In fact, I have zero interest in fridges or handymanism. I wasn’t familiar with 95% of the technical terms the fridge guy was using. I really could gain nothing practical or pleasurable from his 16-minute video.
So why did I watch it, with rapt attention, from beginning to end?
Perhaps, you say, I was just looking to waste time instead of writing this email.
I certainly do like to waste time instead of working. But why not waste time doing something I like, like reading the New Yorker, or watching some Bill Burr on YouTube?
No, it wasn’t that.
But perhaps, you say again, I just enjoy feeling smug and right.
After all, the dead fridge compressor was from 2009. And the fridge repair guy specializes in maintaining long-running, old fridges that go back to the 1940s. So maybe I was just looking for confirmation of my belief that old is good and new is worthless.
Maybe. But if that’s the case, why did I have to watch the video, and all 16 minutes of it? I mean, the video’s title gave me all I really needed to feel smug:
“Declining quality of consumer-grade products – 2009 fridge compressor autopsy…”
So no, it can’t be that.
But perhaps I just wanted to share something cool with a friend.
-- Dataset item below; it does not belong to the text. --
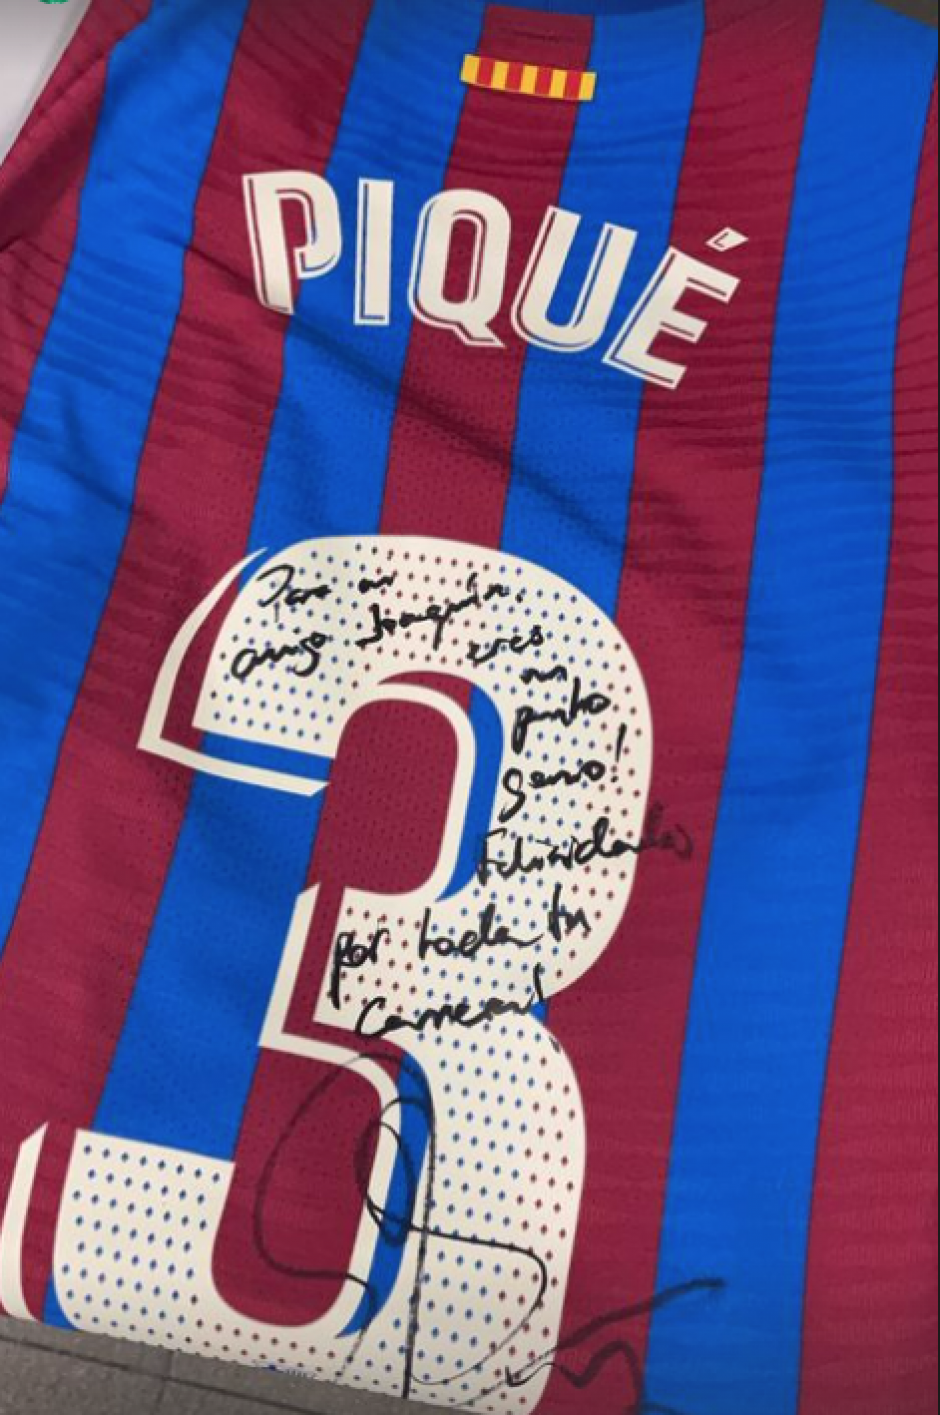 Piqué define a Joaquín en la dedicatoria que le firmó en su camiseta tras el Barça - Betis

Even though I have no interest in handymanism, I do have a friend who is into it. I wanted to forward him this video, and maybe, you say, I just wanted to make sure it was worthwhile.
But that doesn’t hold water either. After all, this video popped up on a news aggregator I frequent, where it got 2-3x the usual number of upvotes. That’s a lot of tacit endorsement of quality. And I could tell within just the first minute or two that my friend might find this video interesting, and that I should send him the link.
So why did I myself watch the entire thing?
In trying to figure out the answer to this puzzle, I jumped back to a critical point in the video at minute 5:54.
The fridge guy has just tested whether the compressor failed because of electrical failure. No, it turns out, it wasn’t electrical.
So he decides to cut open the locked-up compressor and see what’s going on inside. As soon as he cuts the compressor open, the motor moves freely, and is no longer locked up.
The fridge guy is in wonder.
“I don’t understand at all,” he says. He decides to try to power the compressor up again. “My guess is it still won’t start.”
“Aha!” I said. “I get it now!”
Because I realized what was going on. I realized why I had been sucked into this video so hypnotically.
It was the structure of the way the fridge guy was doing his compressor autopsy.
He was using the exact same structure I read about once. A very smart and influential professor of persuasion spelled out this structure in a book, and he said it’s the best way to present any new information and teach anyone anything.
I don’t know if the fridge repair guy had been secretly reading the work of this professor of persuasion.
But I do know that if you’re trying to teach anybody anything, whether in person, in your courses, or just in your marketing, then this structure is super valuable.
It makes it so people actually want to consume your material. They will even want to consume it all the way to the end (just look at me and that 16-minute fridge video).
This structure also makes it so the info you are teaching sticks in people’s heads. That way, they are more likely to use it, profit from it, and become grateful students and customers for life.
And this structure even makes it so people experience an “Aha moment,” just like I did. When that happens, people feel compelled to share their enthusiasm with others, just like I am doing now with you right now.
You might be curious about this structure and who this professor of persuasion is.
Well, I will tell you the guy’s name is Robert Cialdini. He is famous for writing the book Influence. But the structure I’m talking about is not described in Influence.
Instead, it’s described in another of Cialdini’s books, Pre-Suasion.
Now, if you read Daniel Throssell’s emails, you might know that Daniel advises people to skip Pre-Suasion. He even calls it the worst copywriting book he has ever read.
I don’t agree.
Because in Chapter 6 of Pre-Suasion, Cialdini spells out the exact structure I’ve been telling you about. Plus he gives you an example from his own teaching.
This is some hard-core how-to. And if you ever want to get information into people’s heads, and make it stick there, for their benefit as well as your own, you might find this how-to information very valuable.